- **INSTRUCTIONS TO FOLLOW**:
Check each line below for the word "Notes", then please report how many lines have it and nothing more.

- **DATA LISTING**:
--- START ---

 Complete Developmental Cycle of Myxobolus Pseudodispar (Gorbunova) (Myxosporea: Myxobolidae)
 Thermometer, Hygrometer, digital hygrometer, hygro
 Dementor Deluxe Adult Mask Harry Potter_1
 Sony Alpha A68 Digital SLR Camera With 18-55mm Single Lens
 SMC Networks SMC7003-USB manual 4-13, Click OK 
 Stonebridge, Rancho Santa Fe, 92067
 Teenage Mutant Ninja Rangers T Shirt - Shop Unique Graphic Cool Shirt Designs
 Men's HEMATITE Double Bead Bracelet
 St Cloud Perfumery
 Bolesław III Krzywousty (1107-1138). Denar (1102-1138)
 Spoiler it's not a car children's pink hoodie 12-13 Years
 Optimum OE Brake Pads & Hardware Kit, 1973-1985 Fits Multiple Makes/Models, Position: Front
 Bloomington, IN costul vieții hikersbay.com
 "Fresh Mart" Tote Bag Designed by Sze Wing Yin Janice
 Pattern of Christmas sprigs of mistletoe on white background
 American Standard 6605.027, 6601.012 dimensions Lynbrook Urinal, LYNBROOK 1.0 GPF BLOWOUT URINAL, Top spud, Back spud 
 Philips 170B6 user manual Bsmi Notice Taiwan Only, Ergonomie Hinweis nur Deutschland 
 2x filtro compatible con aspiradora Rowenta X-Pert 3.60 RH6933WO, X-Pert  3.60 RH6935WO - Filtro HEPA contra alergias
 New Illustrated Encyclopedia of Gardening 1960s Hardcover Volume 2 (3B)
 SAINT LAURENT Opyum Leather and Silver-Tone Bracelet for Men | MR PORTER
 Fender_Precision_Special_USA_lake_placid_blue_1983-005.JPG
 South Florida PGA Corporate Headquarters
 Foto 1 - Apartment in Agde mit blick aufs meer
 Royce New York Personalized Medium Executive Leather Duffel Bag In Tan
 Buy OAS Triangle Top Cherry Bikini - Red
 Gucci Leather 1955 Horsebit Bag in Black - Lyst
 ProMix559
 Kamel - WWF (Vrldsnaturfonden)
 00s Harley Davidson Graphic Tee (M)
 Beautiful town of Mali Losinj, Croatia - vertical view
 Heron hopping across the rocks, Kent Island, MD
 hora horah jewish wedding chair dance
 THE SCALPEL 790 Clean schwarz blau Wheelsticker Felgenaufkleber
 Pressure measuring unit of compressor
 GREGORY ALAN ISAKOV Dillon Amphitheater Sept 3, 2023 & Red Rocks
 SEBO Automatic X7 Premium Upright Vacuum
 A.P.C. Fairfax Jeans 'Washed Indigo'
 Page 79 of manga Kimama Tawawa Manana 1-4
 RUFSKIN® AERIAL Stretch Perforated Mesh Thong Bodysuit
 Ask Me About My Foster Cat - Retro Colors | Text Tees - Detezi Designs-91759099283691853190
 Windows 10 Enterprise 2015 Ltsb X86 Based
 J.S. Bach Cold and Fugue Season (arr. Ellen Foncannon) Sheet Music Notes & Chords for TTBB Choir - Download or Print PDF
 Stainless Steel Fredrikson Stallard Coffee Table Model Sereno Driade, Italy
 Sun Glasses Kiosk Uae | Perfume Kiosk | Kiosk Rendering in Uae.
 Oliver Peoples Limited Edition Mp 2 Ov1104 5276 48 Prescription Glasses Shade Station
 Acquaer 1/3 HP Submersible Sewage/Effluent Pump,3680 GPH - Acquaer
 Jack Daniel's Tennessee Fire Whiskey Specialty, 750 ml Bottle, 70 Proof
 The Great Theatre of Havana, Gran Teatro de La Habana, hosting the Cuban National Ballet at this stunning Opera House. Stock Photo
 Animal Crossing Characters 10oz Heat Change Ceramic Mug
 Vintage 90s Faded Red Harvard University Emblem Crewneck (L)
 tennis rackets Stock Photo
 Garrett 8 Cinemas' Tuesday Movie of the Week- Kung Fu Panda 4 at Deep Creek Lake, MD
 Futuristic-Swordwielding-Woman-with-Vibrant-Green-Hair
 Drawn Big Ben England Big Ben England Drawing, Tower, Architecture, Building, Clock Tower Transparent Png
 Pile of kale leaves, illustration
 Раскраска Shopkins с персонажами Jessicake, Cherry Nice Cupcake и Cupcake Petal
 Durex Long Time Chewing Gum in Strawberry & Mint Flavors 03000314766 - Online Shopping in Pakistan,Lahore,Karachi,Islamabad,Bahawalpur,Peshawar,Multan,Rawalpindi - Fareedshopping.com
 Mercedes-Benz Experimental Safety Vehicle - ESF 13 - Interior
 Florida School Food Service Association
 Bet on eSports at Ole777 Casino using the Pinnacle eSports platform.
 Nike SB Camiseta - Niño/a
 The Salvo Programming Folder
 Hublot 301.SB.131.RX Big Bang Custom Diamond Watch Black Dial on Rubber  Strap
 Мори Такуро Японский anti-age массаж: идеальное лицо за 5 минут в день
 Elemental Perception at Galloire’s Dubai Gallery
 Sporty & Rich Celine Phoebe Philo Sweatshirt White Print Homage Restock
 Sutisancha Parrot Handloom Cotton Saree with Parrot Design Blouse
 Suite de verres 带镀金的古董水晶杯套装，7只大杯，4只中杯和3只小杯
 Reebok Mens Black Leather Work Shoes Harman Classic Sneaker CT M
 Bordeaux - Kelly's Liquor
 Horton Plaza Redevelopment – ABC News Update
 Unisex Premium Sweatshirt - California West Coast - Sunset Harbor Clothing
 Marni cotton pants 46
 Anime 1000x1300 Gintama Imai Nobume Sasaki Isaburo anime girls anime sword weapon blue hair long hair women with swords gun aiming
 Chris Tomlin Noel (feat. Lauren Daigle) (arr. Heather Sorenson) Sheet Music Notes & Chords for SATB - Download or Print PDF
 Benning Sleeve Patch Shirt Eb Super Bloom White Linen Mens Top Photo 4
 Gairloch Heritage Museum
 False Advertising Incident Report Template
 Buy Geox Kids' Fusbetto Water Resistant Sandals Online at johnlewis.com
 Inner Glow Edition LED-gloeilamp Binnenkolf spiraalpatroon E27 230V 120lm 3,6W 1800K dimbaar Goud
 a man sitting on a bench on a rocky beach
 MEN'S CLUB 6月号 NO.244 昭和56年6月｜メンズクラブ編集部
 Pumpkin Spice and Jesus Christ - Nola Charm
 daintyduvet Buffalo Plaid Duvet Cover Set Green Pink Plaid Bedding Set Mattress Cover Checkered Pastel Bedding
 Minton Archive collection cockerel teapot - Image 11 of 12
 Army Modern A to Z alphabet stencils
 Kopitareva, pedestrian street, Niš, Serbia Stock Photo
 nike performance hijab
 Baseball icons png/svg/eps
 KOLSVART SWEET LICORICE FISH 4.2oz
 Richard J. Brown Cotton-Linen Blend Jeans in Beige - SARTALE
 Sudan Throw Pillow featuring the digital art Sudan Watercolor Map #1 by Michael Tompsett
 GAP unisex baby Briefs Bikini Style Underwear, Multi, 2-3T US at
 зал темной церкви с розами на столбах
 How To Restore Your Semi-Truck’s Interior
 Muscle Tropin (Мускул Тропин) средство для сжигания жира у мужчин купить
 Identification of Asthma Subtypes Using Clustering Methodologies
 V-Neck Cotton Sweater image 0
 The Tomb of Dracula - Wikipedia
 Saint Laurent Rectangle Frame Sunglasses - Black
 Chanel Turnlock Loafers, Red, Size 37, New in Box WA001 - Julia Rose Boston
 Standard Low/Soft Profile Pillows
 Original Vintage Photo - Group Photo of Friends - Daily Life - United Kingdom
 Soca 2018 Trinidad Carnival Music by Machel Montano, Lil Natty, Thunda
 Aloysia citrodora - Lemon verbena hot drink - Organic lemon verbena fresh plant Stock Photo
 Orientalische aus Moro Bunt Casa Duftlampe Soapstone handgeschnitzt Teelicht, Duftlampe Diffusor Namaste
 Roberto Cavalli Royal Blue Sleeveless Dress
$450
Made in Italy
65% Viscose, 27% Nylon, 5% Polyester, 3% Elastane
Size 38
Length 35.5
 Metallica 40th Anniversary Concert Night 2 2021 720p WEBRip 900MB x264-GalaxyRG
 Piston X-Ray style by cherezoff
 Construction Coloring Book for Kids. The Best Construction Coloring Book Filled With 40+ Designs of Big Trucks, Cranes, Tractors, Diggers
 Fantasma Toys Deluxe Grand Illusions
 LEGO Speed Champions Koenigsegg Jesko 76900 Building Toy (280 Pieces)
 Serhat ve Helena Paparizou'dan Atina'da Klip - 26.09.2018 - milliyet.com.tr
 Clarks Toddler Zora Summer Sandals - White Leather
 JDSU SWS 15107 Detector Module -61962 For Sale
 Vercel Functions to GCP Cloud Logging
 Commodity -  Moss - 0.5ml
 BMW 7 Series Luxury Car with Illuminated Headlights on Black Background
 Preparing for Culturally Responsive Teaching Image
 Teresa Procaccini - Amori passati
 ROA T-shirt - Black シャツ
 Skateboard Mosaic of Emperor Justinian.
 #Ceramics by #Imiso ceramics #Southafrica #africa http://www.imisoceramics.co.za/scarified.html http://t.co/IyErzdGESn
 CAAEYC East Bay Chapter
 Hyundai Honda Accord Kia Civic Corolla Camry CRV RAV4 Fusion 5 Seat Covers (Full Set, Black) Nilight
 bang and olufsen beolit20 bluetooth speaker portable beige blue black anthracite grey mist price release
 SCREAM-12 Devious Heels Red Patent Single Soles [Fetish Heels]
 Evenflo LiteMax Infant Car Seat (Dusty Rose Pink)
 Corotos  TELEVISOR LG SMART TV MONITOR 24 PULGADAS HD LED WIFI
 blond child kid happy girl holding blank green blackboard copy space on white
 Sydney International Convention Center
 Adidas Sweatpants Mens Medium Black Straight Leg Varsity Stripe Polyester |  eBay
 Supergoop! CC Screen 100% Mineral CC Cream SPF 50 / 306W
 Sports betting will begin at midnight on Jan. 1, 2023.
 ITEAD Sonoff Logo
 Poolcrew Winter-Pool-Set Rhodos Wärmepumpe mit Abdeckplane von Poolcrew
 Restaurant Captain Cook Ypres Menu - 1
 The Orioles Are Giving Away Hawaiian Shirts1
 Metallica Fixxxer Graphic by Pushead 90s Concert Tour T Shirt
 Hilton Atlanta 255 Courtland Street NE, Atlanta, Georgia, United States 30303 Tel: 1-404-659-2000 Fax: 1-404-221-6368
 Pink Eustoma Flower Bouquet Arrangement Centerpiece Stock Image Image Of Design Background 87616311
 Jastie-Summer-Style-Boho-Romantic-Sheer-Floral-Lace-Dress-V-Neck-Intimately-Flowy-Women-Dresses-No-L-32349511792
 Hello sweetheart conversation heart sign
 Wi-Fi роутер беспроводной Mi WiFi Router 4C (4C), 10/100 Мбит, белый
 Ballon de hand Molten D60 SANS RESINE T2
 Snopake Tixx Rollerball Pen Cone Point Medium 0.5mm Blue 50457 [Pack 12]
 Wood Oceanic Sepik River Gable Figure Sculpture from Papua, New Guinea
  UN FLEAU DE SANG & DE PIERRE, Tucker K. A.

--- END ---

- **OUTPUT BELOW**:
2